*** Opening Dataset records ***

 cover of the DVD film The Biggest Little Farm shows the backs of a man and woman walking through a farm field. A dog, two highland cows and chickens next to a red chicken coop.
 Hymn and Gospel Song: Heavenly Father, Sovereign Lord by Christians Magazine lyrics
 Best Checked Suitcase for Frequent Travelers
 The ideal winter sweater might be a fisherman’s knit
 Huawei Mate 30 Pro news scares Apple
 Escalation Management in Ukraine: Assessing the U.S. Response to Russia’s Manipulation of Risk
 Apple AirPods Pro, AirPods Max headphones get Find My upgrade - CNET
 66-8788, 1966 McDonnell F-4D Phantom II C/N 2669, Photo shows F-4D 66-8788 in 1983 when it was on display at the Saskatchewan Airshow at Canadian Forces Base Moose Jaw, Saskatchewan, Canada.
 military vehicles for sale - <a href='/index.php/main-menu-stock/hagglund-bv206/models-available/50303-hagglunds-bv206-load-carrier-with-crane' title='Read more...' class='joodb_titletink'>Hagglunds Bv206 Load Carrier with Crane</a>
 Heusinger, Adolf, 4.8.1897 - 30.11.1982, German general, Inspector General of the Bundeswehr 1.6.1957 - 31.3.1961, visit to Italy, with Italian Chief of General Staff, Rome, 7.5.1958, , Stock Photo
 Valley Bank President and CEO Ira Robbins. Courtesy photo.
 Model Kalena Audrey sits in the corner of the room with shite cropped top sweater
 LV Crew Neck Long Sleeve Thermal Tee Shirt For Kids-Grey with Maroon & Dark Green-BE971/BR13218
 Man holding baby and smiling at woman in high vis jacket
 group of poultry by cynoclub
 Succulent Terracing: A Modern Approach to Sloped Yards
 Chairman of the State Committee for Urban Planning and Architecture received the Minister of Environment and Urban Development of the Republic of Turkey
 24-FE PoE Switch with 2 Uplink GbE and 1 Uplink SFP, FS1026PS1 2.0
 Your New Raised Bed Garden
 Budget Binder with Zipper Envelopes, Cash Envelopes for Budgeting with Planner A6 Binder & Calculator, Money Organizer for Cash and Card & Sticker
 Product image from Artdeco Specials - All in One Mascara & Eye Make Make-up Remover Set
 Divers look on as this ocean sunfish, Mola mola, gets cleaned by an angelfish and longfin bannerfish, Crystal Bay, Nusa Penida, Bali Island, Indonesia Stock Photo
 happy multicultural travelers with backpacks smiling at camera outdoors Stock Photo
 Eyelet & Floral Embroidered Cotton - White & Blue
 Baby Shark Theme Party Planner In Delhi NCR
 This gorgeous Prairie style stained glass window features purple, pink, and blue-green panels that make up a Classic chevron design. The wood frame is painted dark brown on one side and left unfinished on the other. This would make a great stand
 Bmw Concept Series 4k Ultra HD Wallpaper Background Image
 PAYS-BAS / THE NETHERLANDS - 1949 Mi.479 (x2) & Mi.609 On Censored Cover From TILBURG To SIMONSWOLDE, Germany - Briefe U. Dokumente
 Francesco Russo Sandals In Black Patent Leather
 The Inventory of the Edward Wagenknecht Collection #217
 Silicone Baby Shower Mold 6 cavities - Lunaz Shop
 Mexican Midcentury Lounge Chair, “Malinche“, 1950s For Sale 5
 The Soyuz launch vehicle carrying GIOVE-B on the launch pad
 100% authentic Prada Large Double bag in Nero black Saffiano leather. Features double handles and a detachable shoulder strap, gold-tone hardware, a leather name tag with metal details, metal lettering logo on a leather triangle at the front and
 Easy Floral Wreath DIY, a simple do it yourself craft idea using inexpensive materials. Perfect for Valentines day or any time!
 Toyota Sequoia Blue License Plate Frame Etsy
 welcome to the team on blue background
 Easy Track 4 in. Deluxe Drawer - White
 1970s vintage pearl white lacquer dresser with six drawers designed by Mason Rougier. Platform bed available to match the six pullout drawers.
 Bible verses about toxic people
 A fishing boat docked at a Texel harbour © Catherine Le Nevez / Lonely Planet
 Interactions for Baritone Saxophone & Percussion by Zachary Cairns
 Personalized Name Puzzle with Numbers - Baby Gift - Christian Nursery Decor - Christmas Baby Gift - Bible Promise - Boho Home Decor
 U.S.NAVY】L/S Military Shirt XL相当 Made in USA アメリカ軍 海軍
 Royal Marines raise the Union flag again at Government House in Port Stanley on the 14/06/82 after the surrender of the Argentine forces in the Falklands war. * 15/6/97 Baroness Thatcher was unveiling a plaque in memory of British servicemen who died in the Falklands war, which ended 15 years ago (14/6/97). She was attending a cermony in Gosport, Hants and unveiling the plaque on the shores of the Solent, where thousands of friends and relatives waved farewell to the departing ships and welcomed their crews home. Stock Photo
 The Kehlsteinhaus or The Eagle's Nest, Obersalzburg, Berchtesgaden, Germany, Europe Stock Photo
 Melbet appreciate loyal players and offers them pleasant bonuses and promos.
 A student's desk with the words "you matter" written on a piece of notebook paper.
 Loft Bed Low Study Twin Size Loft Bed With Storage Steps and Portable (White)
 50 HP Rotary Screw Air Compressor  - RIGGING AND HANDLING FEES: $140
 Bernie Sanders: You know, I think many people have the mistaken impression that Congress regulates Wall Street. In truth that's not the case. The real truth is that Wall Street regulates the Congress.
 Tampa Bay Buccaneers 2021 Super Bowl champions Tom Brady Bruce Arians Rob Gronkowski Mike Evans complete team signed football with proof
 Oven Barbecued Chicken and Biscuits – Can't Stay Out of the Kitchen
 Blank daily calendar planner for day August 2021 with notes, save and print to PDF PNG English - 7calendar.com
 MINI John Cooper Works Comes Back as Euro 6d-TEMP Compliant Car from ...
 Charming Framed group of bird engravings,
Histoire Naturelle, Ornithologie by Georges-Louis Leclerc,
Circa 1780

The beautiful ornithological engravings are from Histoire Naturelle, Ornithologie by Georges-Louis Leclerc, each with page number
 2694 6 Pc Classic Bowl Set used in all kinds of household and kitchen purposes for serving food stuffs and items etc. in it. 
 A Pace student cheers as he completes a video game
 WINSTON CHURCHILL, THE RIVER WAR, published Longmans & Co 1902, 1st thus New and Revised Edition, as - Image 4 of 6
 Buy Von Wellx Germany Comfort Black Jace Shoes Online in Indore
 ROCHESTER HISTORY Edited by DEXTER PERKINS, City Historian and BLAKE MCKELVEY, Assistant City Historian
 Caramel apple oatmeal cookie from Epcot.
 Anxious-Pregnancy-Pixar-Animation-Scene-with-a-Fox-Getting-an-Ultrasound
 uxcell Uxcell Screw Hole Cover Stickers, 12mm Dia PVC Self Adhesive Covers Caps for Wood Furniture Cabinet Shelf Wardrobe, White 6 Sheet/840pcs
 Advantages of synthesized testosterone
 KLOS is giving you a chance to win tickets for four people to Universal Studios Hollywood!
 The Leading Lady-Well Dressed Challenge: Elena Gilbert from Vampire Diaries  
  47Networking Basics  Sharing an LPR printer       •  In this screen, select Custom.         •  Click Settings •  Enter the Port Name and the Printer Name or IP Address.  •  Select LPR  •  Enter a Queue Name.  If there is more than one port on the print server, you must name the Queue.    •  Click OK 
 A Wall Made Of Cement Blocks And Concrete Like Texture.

*** Closing Dataset records ***

» Assignment
Every line above must be repeated exactly as it appears.

» Finished exercise
 cover of the DVD film The Biggest Little Farm shows the backs of a man and woman walking through a farm field. A dog, two highland cows and chickens next to a red chicken coop.
 Hymn and Gospel Song: Heavenly Father, Sovereign Lord by Christians Magazine lyrics
 Best Checked Suitcase for Frequent Travelers
 The ideal winter sweater might be a fisherman’s knit
 Huawei Mate 30 Pro news scares Apple
 Escalation Management in Ukraine: Assessing the U.S. Response to Russia’s Manipulation of Risk
 Apple AirPods Pro, AirPods Max headphones get Find My upgrade - CNET
 66-8788, 1966 McDonnell F-4D Phantom II C/N 2669, Photo shows F-4D 66-8788 in 1983 when it was on display at the Saskatchewan Airshow at Canadian Forces Base Moose Jaw, Saskatchewan, Canada.
 military vehicles for sale - <a href='/index.php/main-menu-stock/hagglund-bv206/models-available/50303-hagglunds-bv206-load-carrier-with-crane' title='Read more...' class='joodb_titletink'>Hagglunds Bv206 Load Carrier with Crane</a>
 Heusinger, Adolf, 4.8.1897 - 30.11.1982, German general, Inspector General of the Bundeswehr 1.6.1957 - 31.3.1961, visit to Italy, with Italian Chief of General Staff, Rome, 7.5.1958, , Stock Photo
 Valley Bank President and CEO Ira Robbins. Courtesy photo.
 Model Kalena Audrey sits in the corner of the room with shite cropped top sweater
 LV Crew Neck Long Sleeve Thermal Tee Shirt For Kids-Grey with Maroon & Dark Green-BE971/BR13218
 Man holding baby and smiling at woman in high vis jacket
 group of poultry by cynoclub
 Succulent Terracing: A Modern Approach to Sloped Yards
 Chairman of the State Committee for Urban Planning and Architecture received the Minister of Environment and Urban Development of the Republic of Turkey
 24-FE PoE Switch with 2 Uplink GbE and 1 Uplink SFP, FS1026PS1 2.0
 Your New Raised Bed Garden
 Budget Binder with Zipper Envelopes, Cash Envelopes for Budgeting with Planner A6 Binder & Calculator, Money Organizer for Cash and Card & Sticker
 Product image from Artdeco Specials - All in One Mascara & Eye Make Make-up Remover Set
 Divers look on as this ocean sunfish, Mola mola, gets cleaned by an angelfish and longfin bannerfish, Crystal Bay, Nusa Penida, Bali Island, Indonesia Stock Photo
 happy multicultural travelers with backpacks smiling at camera outdoors Stock Photo
 Eyelet & Floral Embroidered Cotton - White & Blue
 Baby Shark Theme Party Planner In Delhi NCR
 This gorgeous Prairie style stained glass window features purple, pink, and blue-green panels that make up a Classic chevron design. The wood frame is painted dark brown on one side and left unfinished on the other. This would make a great stand
 Bmw Concept Series 4k Ultra HD Wallpaper Background Image
 PAYS-BAS / THE NETHERLANDS - 1949 Mi.479 (x2) & Mi.609 On Censored Cover From TILBURG To SIMONSWOLDE, Germany - Briefe U. Dokumente
 Francesco Russo Sandals In Black Patent Leather
 The Inventory of the Edward Wagenknecht Collection #217
 Silicone Baby Shower Mold 6 cavities - Lunaz Shop
 Mexican Midcentury Lounge Chair, “Malinche“, 1950s For Sale 5
 The Soyuz launch vehicle carrying GIOVE-B on the launch pad
 100% authentic Prada Large Double bag in Nero black Saffiano leather. Features double handles and a detachable shoulder strap, gold-tone hardware, a leather name tag with metal details, metal lettering logo on a leather triangle at the front and
 Easy Floral Wreath DIY, a simple do it yourself craft idea using inexpensive materials. Perfect for Valentines day or any time!
 Toyota Sequoia Blue License Plate Frame Etsy
 welcome to the team on blue background
 Easy Track 4 in. Deluxe Drawer - White
 1970s vintage pearl white lacquer dresser with six drawers designed by Mason Rougier. Platform bed available to match the six pullout drawers.
 Bible verses about toxic people
 A fishing boat docked at a Texel harbour © Catherine Le Nevez / Lonely Planet
 Interactions for Baritone Saxophone & Percussion by Zachary Cairns
 Personalized Name Puzzle with Numbers - Baby Gift - Christian Nursery Decor - Christmas Baby Gift - Bible Promise - Boho Home Decor
 U.S.NAVY】L/S Military Shirt XL相当 Made in USA アメリカ軍 海軍
 Royal Marines raise the Union flag again at Government House in Port Stanley on the 14/06/82 after the surrender of the Argentine forces in the Falklands war. * 15/6/97 Baroness Thatcher was unveiling a plaque in memory of British servicemen who died in the Falklands war, which ended 15 years ago (14/6/97). She was attending a cermony in Gosport, Hants and unveiling the plaque on the shores of the Solent, where thousands of friends and relatives waved farewell to the departing ships and welcomed their crews home. Stock Photo
 The Kehlsteinhaus or The Eagle's Nest, Obersalzburg, Berchtesgaden, Germany, Europe Stock Photo
 Melbet appreciate loyal players and offers them pleasant bonuses and promos.
 A student's desk with the words "you matter" written on a piece of notebook paper.
 Loft Bed Low Study Twin Size Loft Bed With Storage Steps and Portable (White)
 50 HP Rotary Screw Air Compressor  - RIGGING AND HANDLING FEES: $140
 Bernie Sanders: You know, I think many people have the mistaken impression that Congress regulates Wall Street. In truth that's not the case. The real truth is that Wall Street regulates the Congress.
 Tampa Bay Buccaneers 2021 Super Bowl champions Tom Brady Bruce Arians Rob Gronkowski Mike Evans complete team signed football with proof
 Oven Barbecued Chicken and Biscuits – Can't Stay Out of the Kitchen
 Blank daily calendar planner for day August 2021 with notes, save and print to PDF PNG English - 7calendar.com
 MINI John Cooper Works Comes Back as Euro 6d-TEMP Compliant Car from ...
 Charming Framed group of bird engravings,
Histoire Naturelle, Ornithologie by Georges-Louis Leclerc,
Circa 1780

The beautiful ornithological engravings are from Histoire Naturelle, Ornithologie by Georges-Louis Leclerc, each with page number
 2694 6 Pc Classic Bowl Set used in all kinds of household and kitchen purposes for serving food stuffs and items etc. in it. 
 A Pace student cheers as he completes a video game
 WINSTON CHURCHILL, THE RIVER WAR, published Longmans & Co 1902, 1st thus New and Revised Edition, as - Image 4 of 6
 Buy Von Wellx Germany Comfort Black Jace Shoes Online in Indore
 ROCHESTER HISTORY Edited by DEXTER PERKINS, City Historian and BLAKE MCKELVEY, Assistant City Historian
 Caramel apple oatmeal cookie from Epcot.
 Anxious-Pregnancy-Pixar-Animation-Scene-with-a-Fox-Getting-an-Ultrasound
 uxcell Uxcell Screw Hole Cover Stickers, 12mm Dia PVC Self Adhesive Covers Caps for Wood Furniture Cabinet Shelf Wardrobe, White 6 Sheet/840pcs
 Advantages of synthesized testosterone
 KLOS is giving you a chance to win tickets for four people to Universal Studios Hollywood!
 The Leading Lady-Well Dressed Challenge: Elena Gilbert from Vampire Diaries  
  47Networking Basics  Sharing an LPR printer       •  In this screen, select Custom.         •  Click Settings •  Enter the Port Name and the Printer Name or IP Address.  •  Select LPR  •  Enter a Queue Name.  If there is more than one port on the print server, you must name the Queue.    •  Click OK 
 A Wall Made Of Cement Blocks And Concrete Like Texture.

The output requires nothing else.